Something that some people fail to consider -- which is ironic considering the Internet is, after all, a network -- is networking. You might think that your website is the most relevant in the world for a particular search term, but if nobody links to it then the search engines consider it irrelevant because no human beings who run websites seem to consider it relevant enough to link to. This is called "link popularity" -- "PageRank" is the trademarked term used by Google. Beyond stating the obvious (get more websites to link to your website), how to increase your link popularity is beyond the scope of this article; however, as with other aspects of SEO, there are right ways and wrong ways.
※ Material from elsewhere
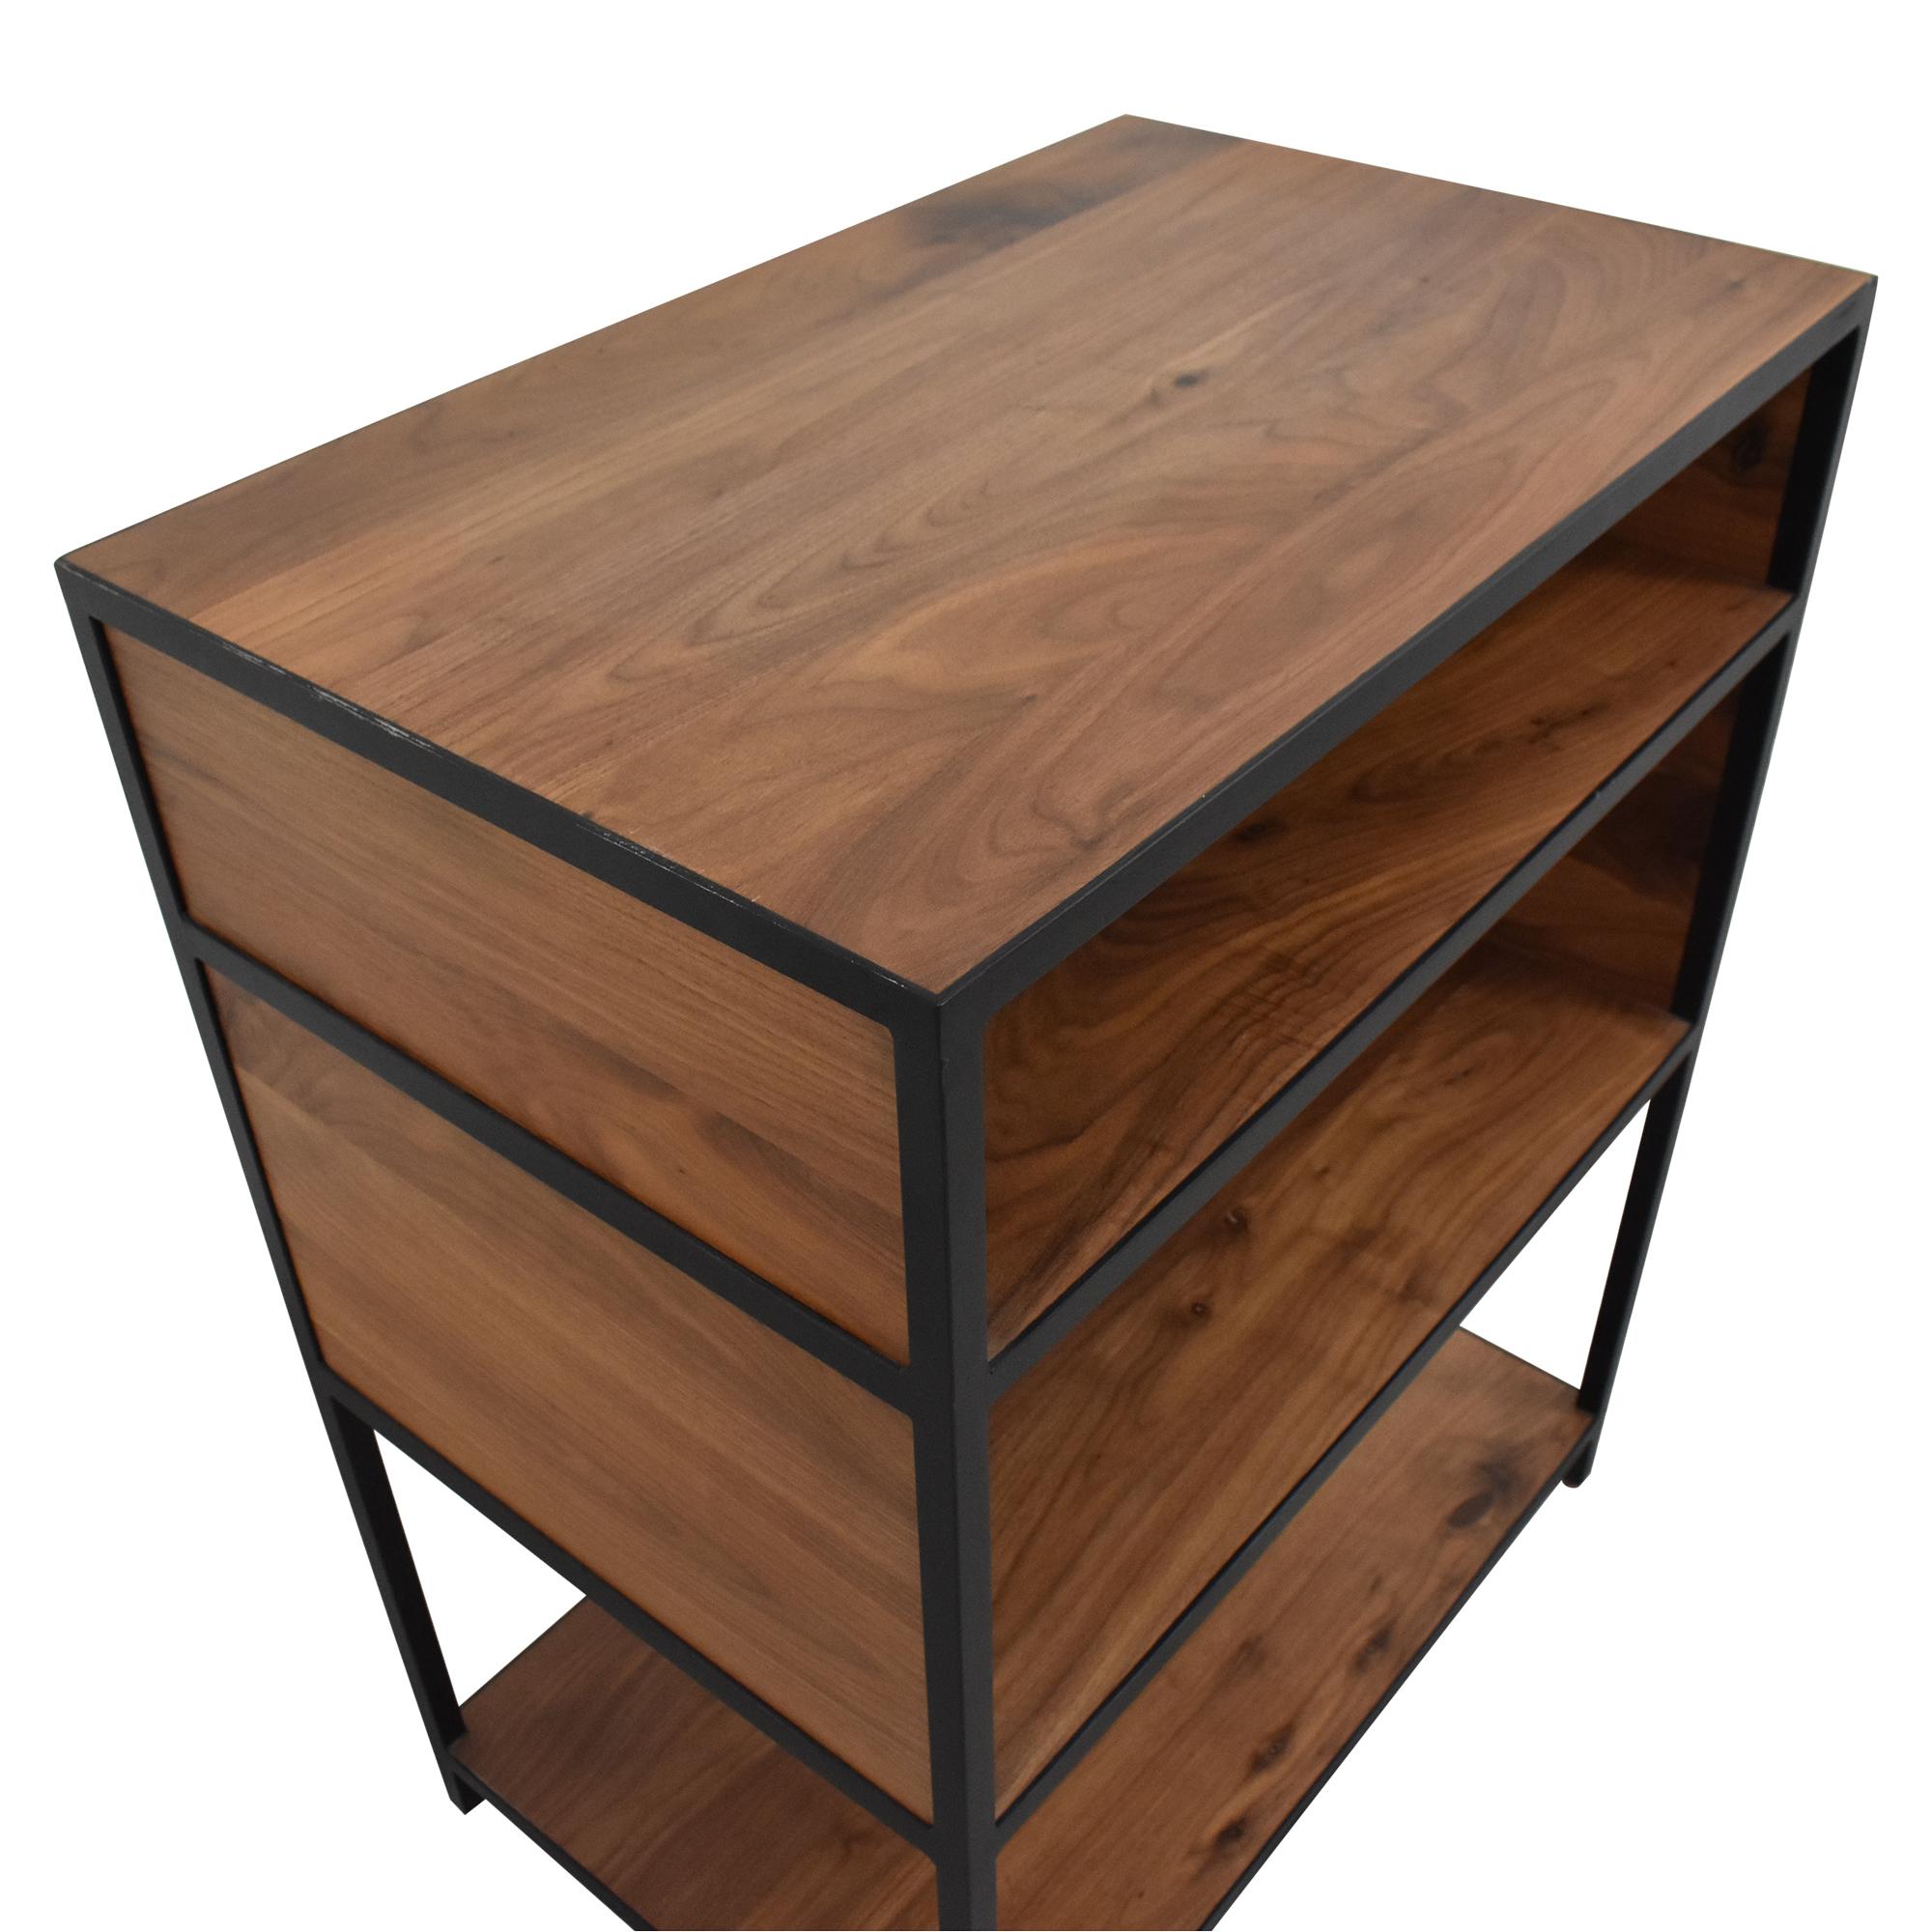 Crate & Barrel Knox Low Open Bookcase Crate & Barrel

For example, it is wrong to spam a web-based forum in a hit-and-run message post with a link to your site, but it is acceptable, on websites where you actually participate, to include a link to your site in your signature. But online networking is not the only form of networking; any successful business requires you to engage in face-to-face networking as well, and an offshoot of this may result in real-world business contacts linking to your site from theirs, thereby improving your standing in the search engines.

Some of the ways to improve your ranking in the search engines revolve around site design, so it's something that should be considered in the initial design by your web designer. And like creating your website in the first place, search engine optimisation will require an investment of time and/or money, but you should do your research first. Use a reputable company (not someone who has already broken the law by spamming you), educate yourself, realise that there are right ways and wrong ways to go about it, and be prepared to commit to the process. Also be wary of hosts that attempt to sell you their hosting services based on some automated SEO tool ("submit your site to three million search engines!") being a feature of their hosting plans. Because search engines are constantly fine-tuning their algorithms, any such automated tool is almost useless the day after it is created, and many such tools are actually less than useless and waste your time to boot.